Aaron Lamb - Strength and Conditioning Coach
Aaron Lamb - Strength and Conditioning Coach

Fitness has always been part of who I am.


Long before I became a coach, long before LAMBS Fitness existed, training was the thing I leaned on to make sense of life. But the philosophy I coach by today wasn’t built overnight — it was shaped through years of setbacks, resilience, and learning the hard way what happens when you try to do everything alone.


The Journey That Shaped Me

My story really begins at 14 years old, when I decided I wanted to join the Royal Marines.

That decision set me on an eight-year journey — eight years of training, preparation, and commitment just to get through the door. To put that into perspective, eight years is two Olympic cycles. It’s a long time to chase a goal, and I poured everything I had into it.

Eventually, I made it into basic training. And then things went wrong.

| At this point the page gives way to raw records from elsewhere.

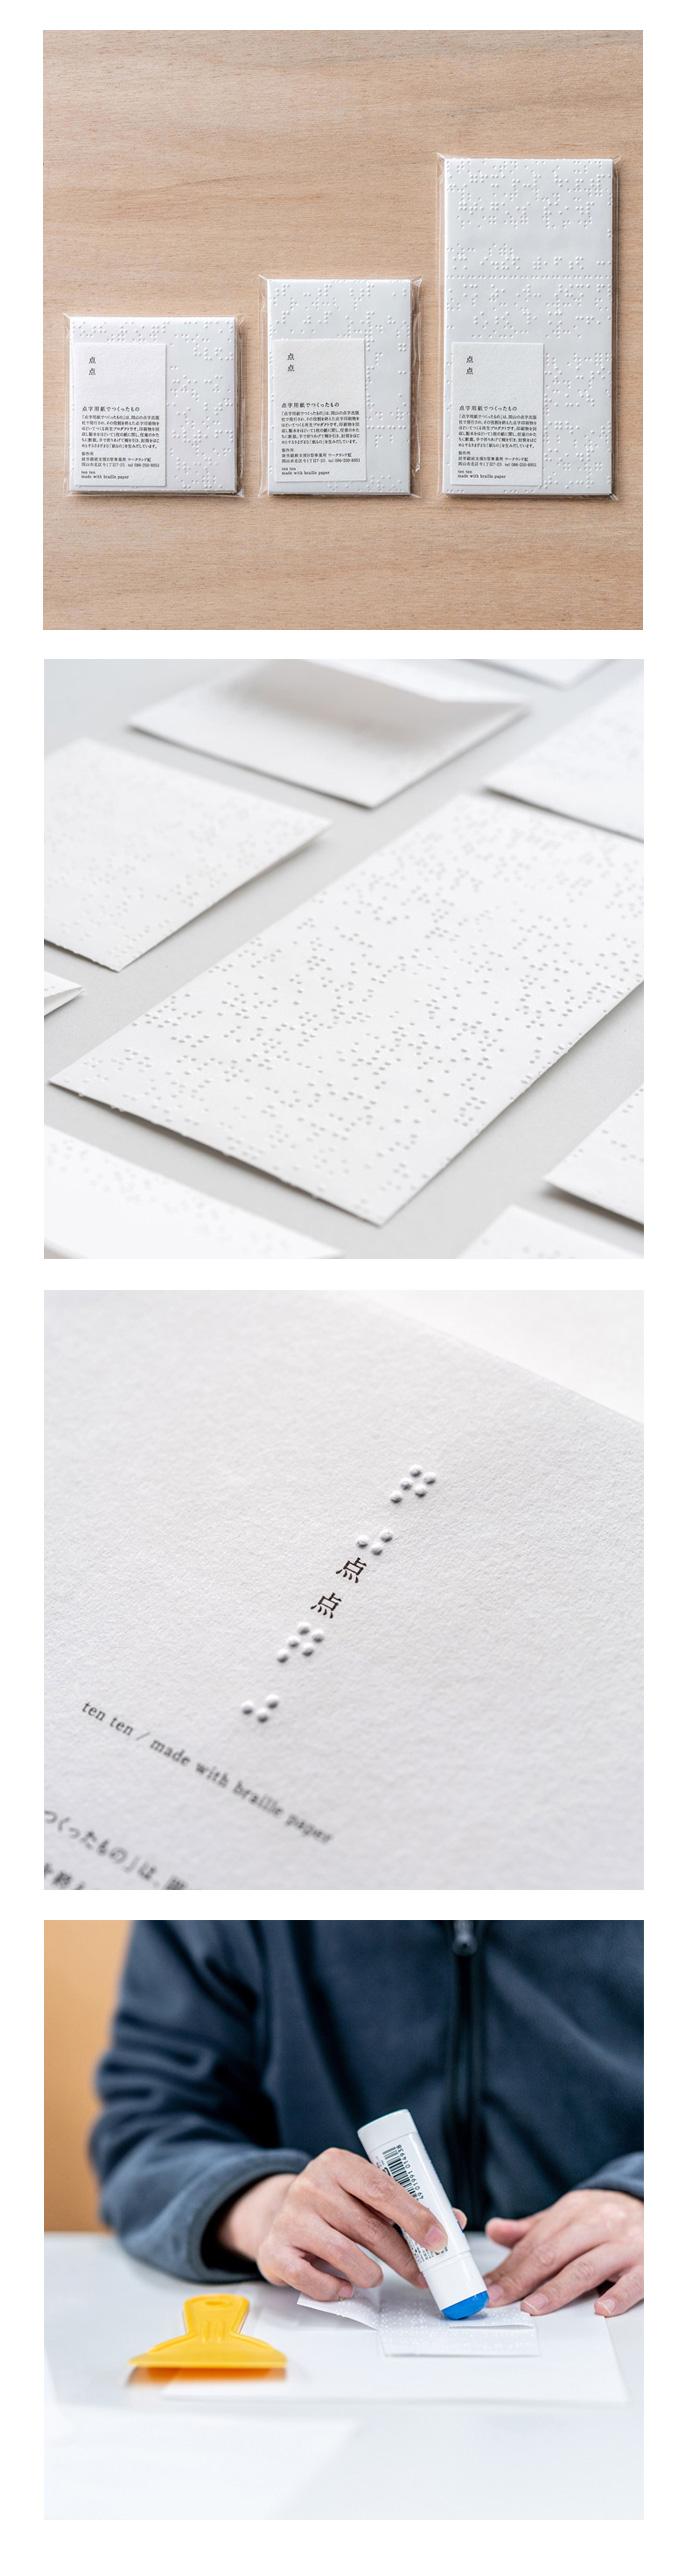 点字用紙の小さな封筒 「点点」展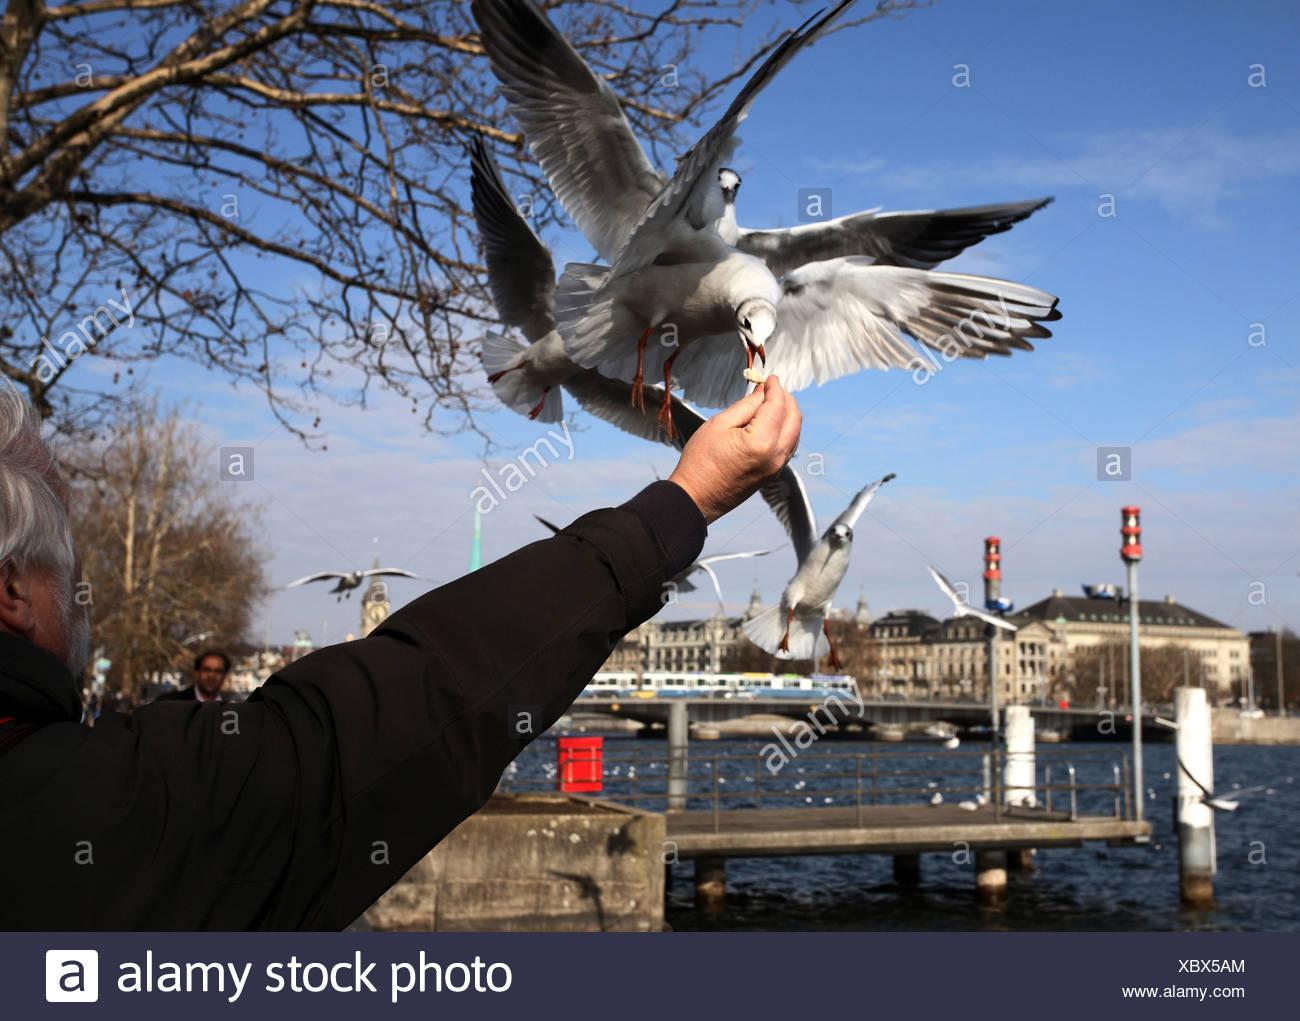 Zurich, Switzerland, man feeding seagulls on Zuerichsee out of hand - Stock Image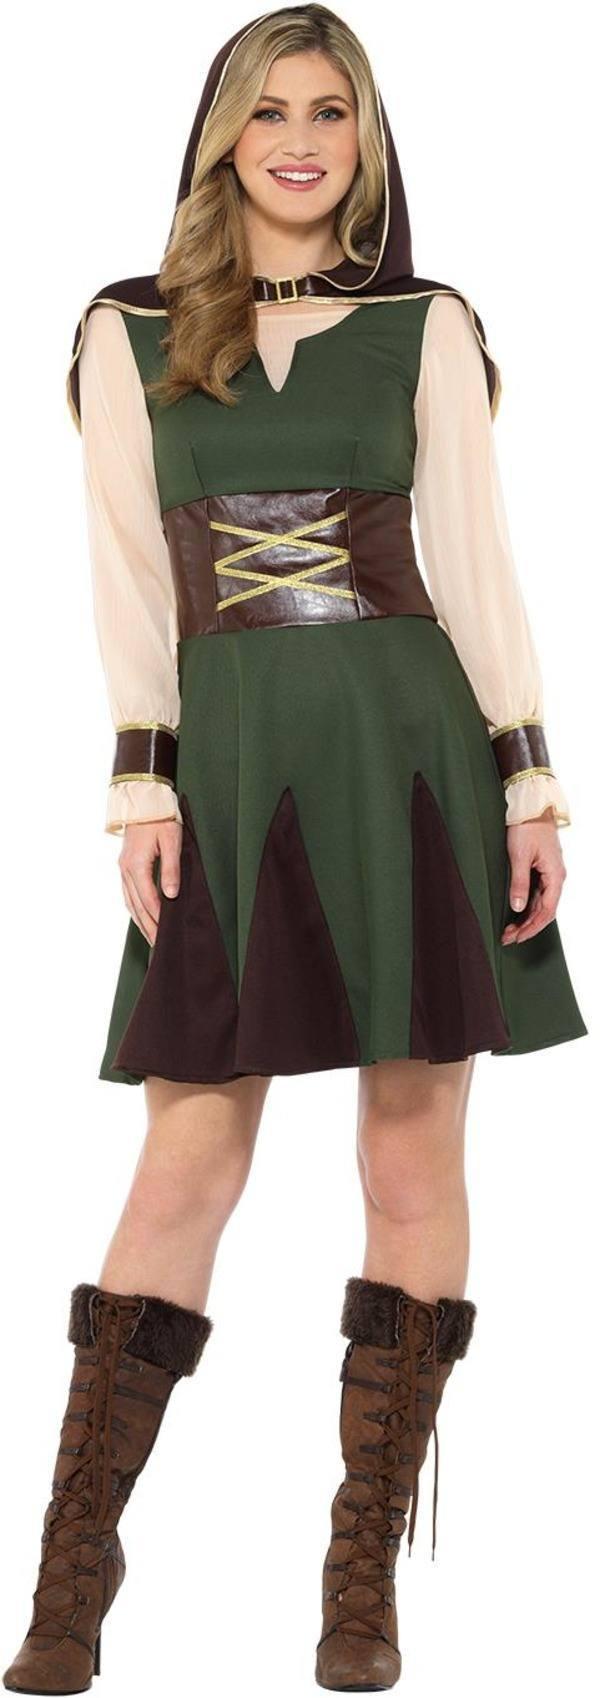 Zöld-Barna Robin Hood Jelmez Nőknek Ruhával és Kis Kapucnis Kabáttal - XXL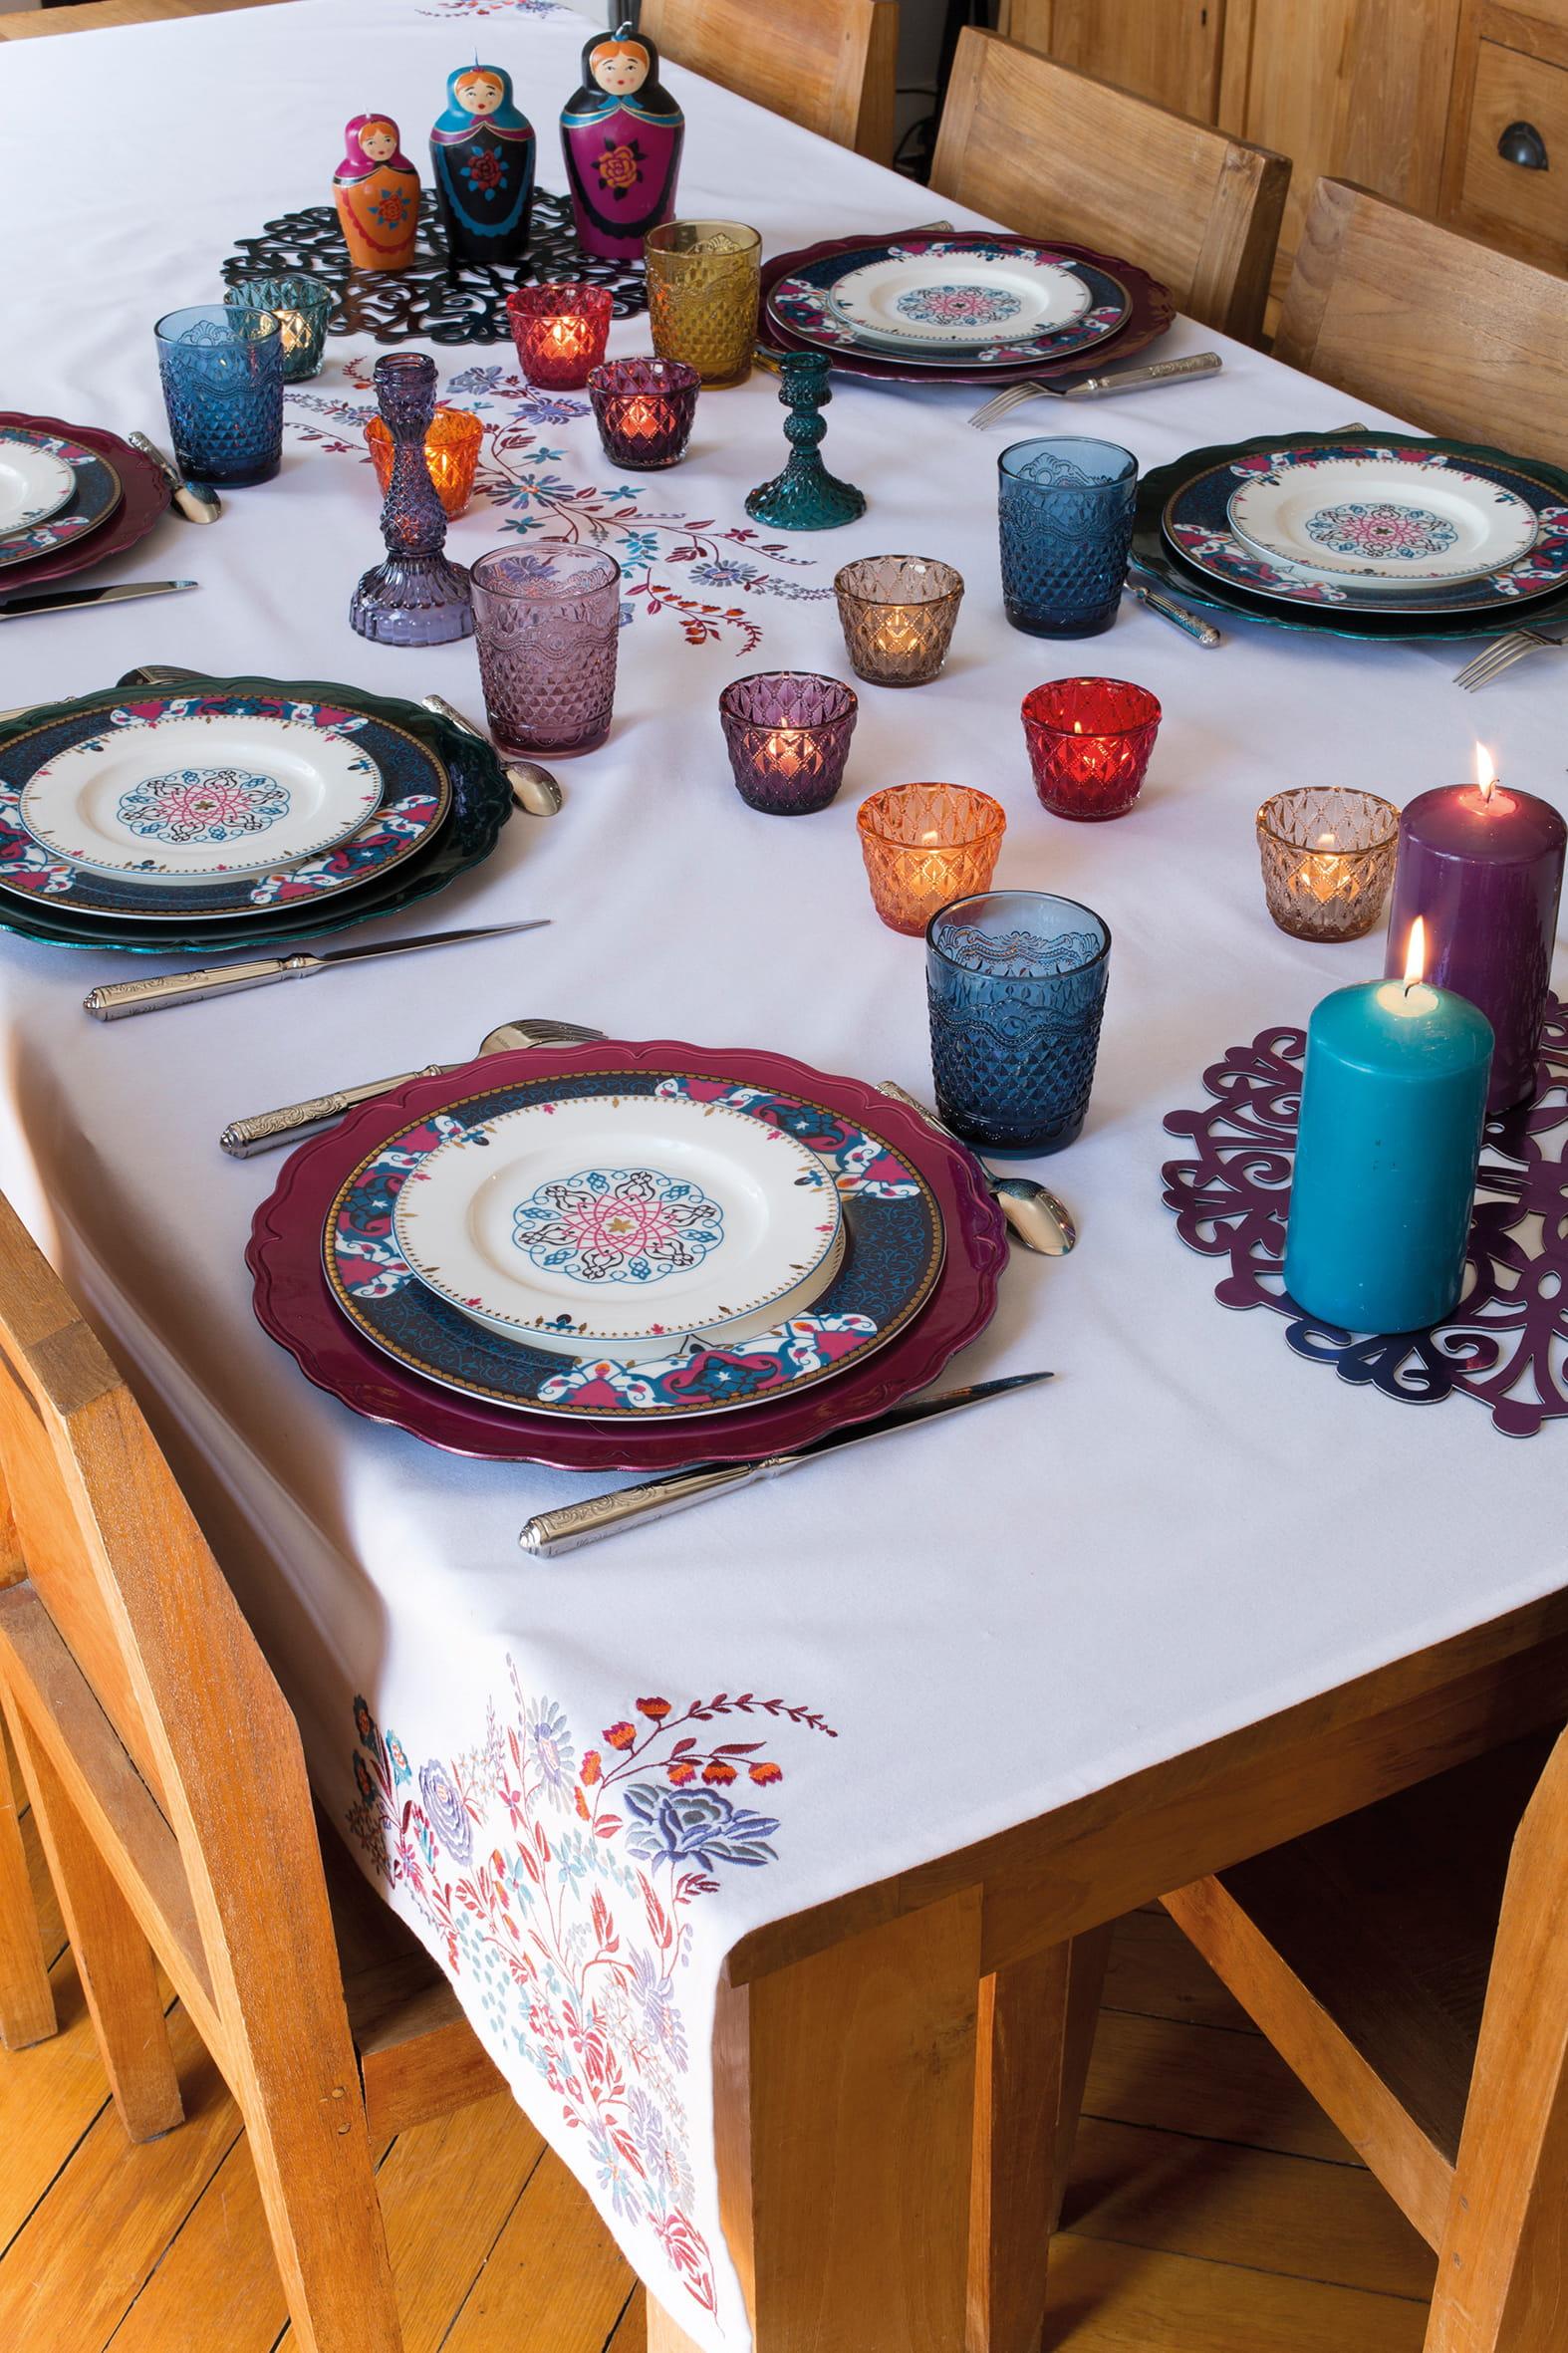 #A56326 S'envoler Pour Moscou : Je Veux La Plus Belle Table à Noël  6199 Decoration De Table De Noel Russe 1574x2362 px @ aertt.com

Due to medical reasons, I was discharged. Just like that, the dream job I’d worked towards for most of my life was over. When I came home, I wasn’t in a good place mentally. I was struggling to process how something I wanted so badly could end without the outcome I’d imagined.


That moment could have been the end — but instead, it became the turning point.


Fitness as My Anchor

When everything else felt unstable, fitness was the one constant I could rely on.

I didn’t have gym equipment. I didn’t have a structured programme. All I had was the ability to run — so that’s what I did. Running became my outlet, my release, and my way of steadying my mind.


Looking back now, I know that without fitness, my mental health would have deteriorated rapidly. Training wasn’t about performance or aesthetics — it was about survival, clarity, and rebuilding myself one step at a time.


That experience taught me something fundamental: movement isn’t just physical — it’s deeply mental.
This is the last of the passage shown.